Hugo Neira
¿Qué es Nación?
La más compleja de las formas sociales conocidas
La nación moderna es deseada o no es. Sin la voluntad de asentimiento de los nacionales no tiene lugar. Las naciones hoy son todas heterogéneas. Las que no lo son, mal síntoma. Son esas en las que nadie puede salir ni entrar.
La razón y la pasión se han mezclado en la marcha de la historia y de los pueblos al hacer sus naciones y discutir sus sentidos, tanto o acaso más que con el tema del Estado. Blut, Boden, Begriff. Suelo, sangre, concepto. La historia del siglo XIX y el XX por entero. Si hay un tema complejo en nuestro tiempo, es este: la Nación.
La nación es un concepto arduo, es lo que estamos confesando. Por una parte vincula el concepto con los sentimientos: gente, pueblo, tierra, terruño, pueblo natal, vecindad, paisaje. Pero, por la otra, connota ciudadanía, derechos, Estado, potencia. monarquía, república. Con los vivos y con los muertos. Con el presente, el pasado y el porvenir. Marca lo que se nos acerca, al compatriota, y lo que es distancia y diferencia, al apátrida y al extranjero.

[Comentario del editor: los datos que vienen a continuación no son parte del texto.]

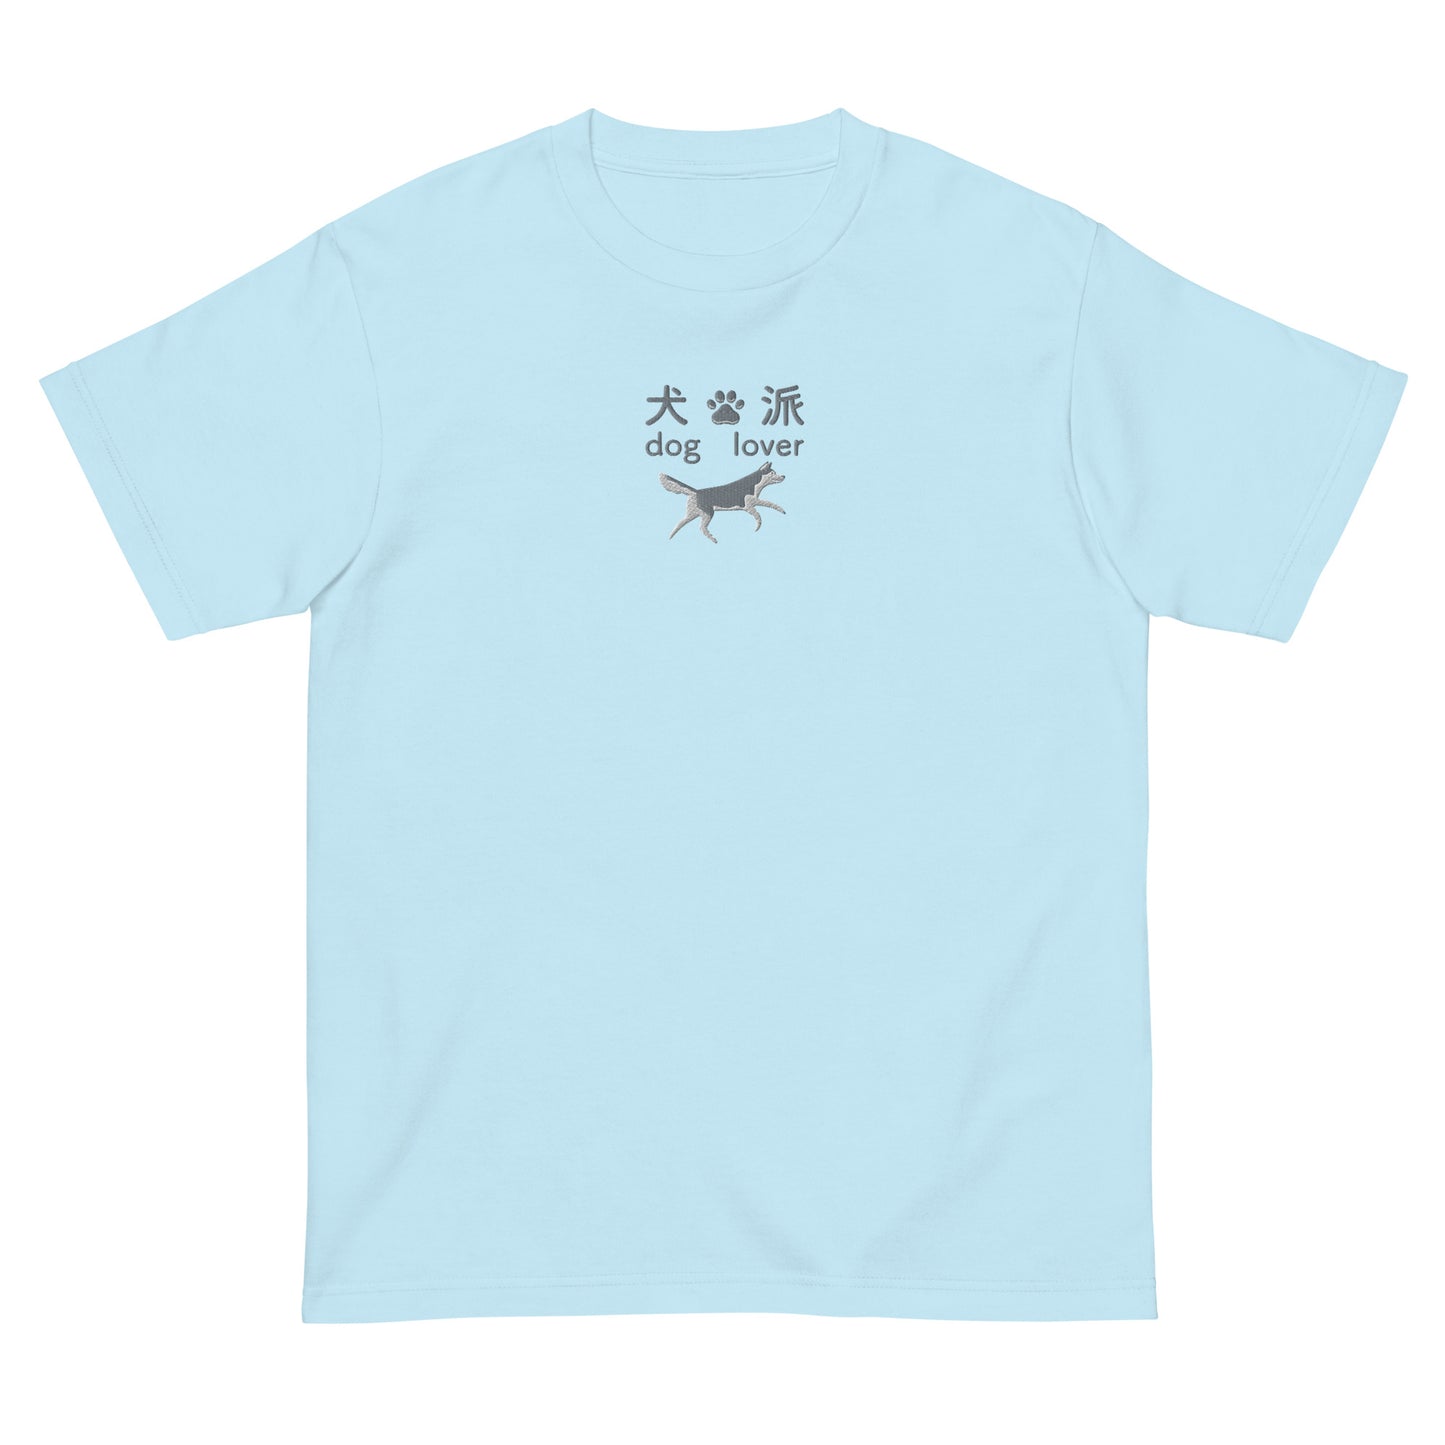 Light Blue High Quality Tee - Front Design with an Gray, White Embroidery "Dog Lover" in Japanese,Chinese and English, and Dog Embroidery

¿Qué es, pues, una nación? Weber recordaba la ambigüedad de los documentos oficiales que igual hablaban de la “nación suiza” o del “pueblo suizo”, indistintamente. La diferencia no era inocente. En una puede pesar el jus sanguinis y en la otra el derecho de suelo, el jus solis. La predominancia de uno u otro criterio ha provocado, en el feroz siglo XX, innumerables guerras y matanzas. Desde los judíos en Alemania, a los Tutsi en Rwanda, o los albaneses y serbios en Kosovo. Se matan a despecho de que seamos la misma especie, por aquello que invocó Freud, “el narcisismo de las mínimas diferencias”.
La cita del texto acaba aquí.